Posted by: David Gillies | May 26, 2005 6:15:38 AM
It's not just 80Billion USD a year sent to Africa, it's the fact that the 80 Billion USD was extorted from taxpayers, and thus harms the countries concerned.
A) Put their own citizens first.
B) Rely on REAL charity.
I have come to the conclusion that the modern state exists only to harm the interests of citizens, for the benefit of the "politburo" classes.
Posted by: Rob Read | May 26, 2005 10:42:34 AM
I remember a paper by Alexander Yeats of the World bank coming to the conclusion that Africa's marginalization in world trade is the result of Africa's transport policies and trade barriers; incorpating a subtantial anti-export bias.
Posted by: ivan | May 26, 2005 10:59:14 AM
David, I don't think there are that many arguing against free trade per se. The problem is that it is demonstrably not free trade because the developed world keeps so many kickbacks and subsidies around to support its own industry. Whilst those still exist, they will forever be giving an unfair trade advantage to the West, and whilst they still exist, it seems only right and fair that the best thing the developing world can do is attempt to protect its own industries, surely?
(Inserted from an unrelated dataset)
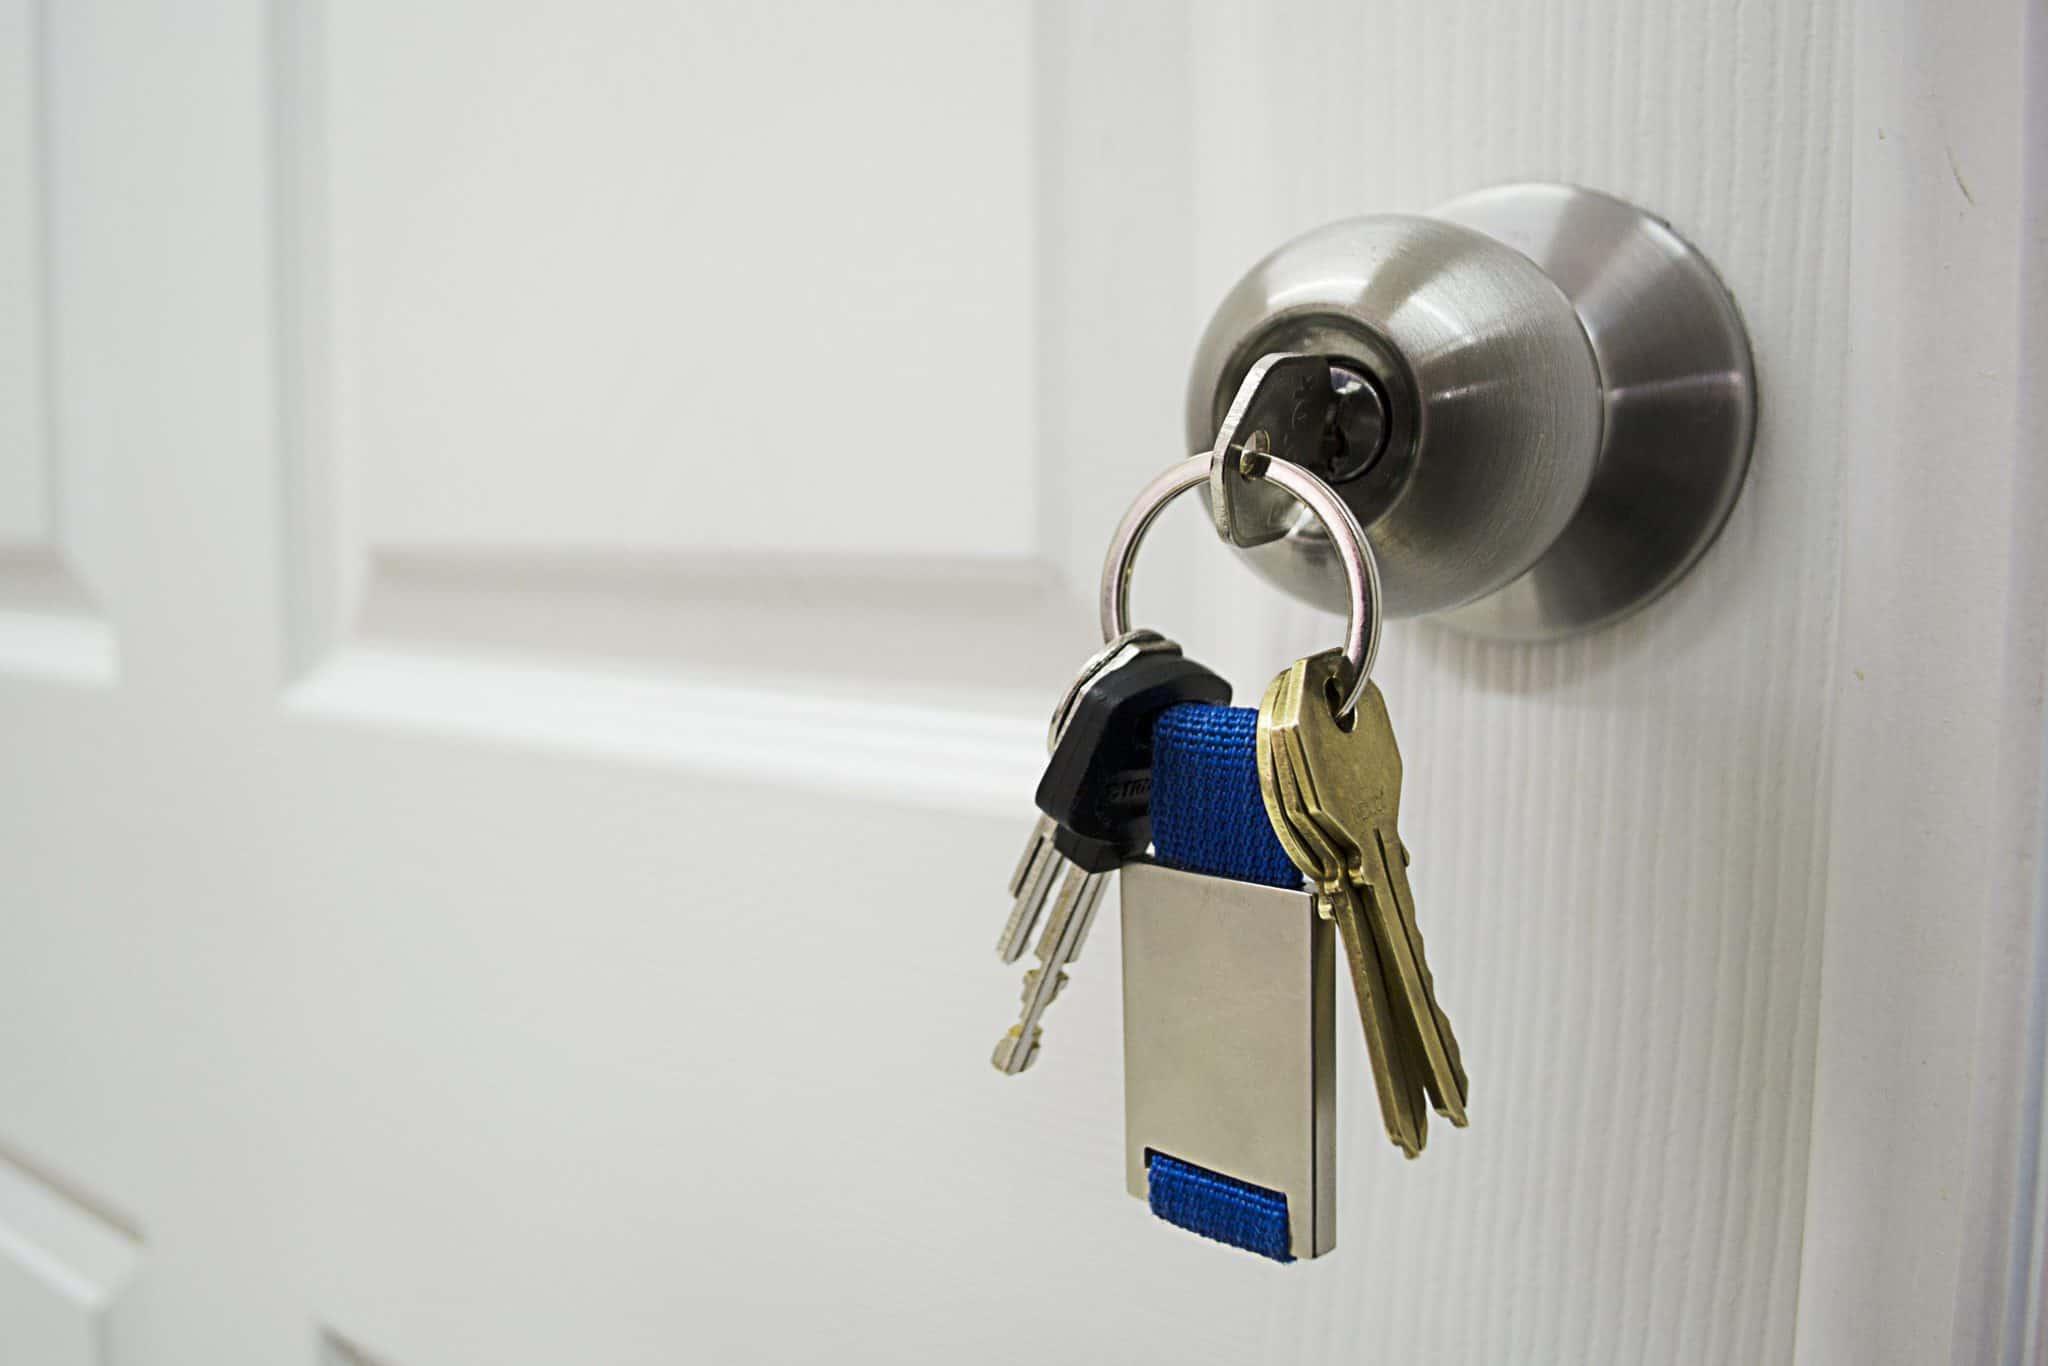 sacar llave atascada

Tim adds: So let me see if I’ve got your logic right here. We agree that free trade is the good thing. That rich countries make their citizens poorer by denying it to them. Your solution is that poor countries should also make their citizens poorer to compensate?
Posted by: lth | May 26, 2005 11:54:29 AM
Joan Robinson, i believe, once said that because France has a rocky coast it doesn't make sense to throw rocks on your own. Subsidies tend to be a waste of taxpayers money. It doesn't make sense for developing countries to use these wastefull rocks because the developed world does.
Posted by: ivan | May 26, 2005 1:16:00 PM
Indeed. The most economically rational thing to do in the face of another country levying tariffs and duties on your exports is to scrap yours. Cutting off your nose to spite your face is no more sensible in economics than in any other sphere.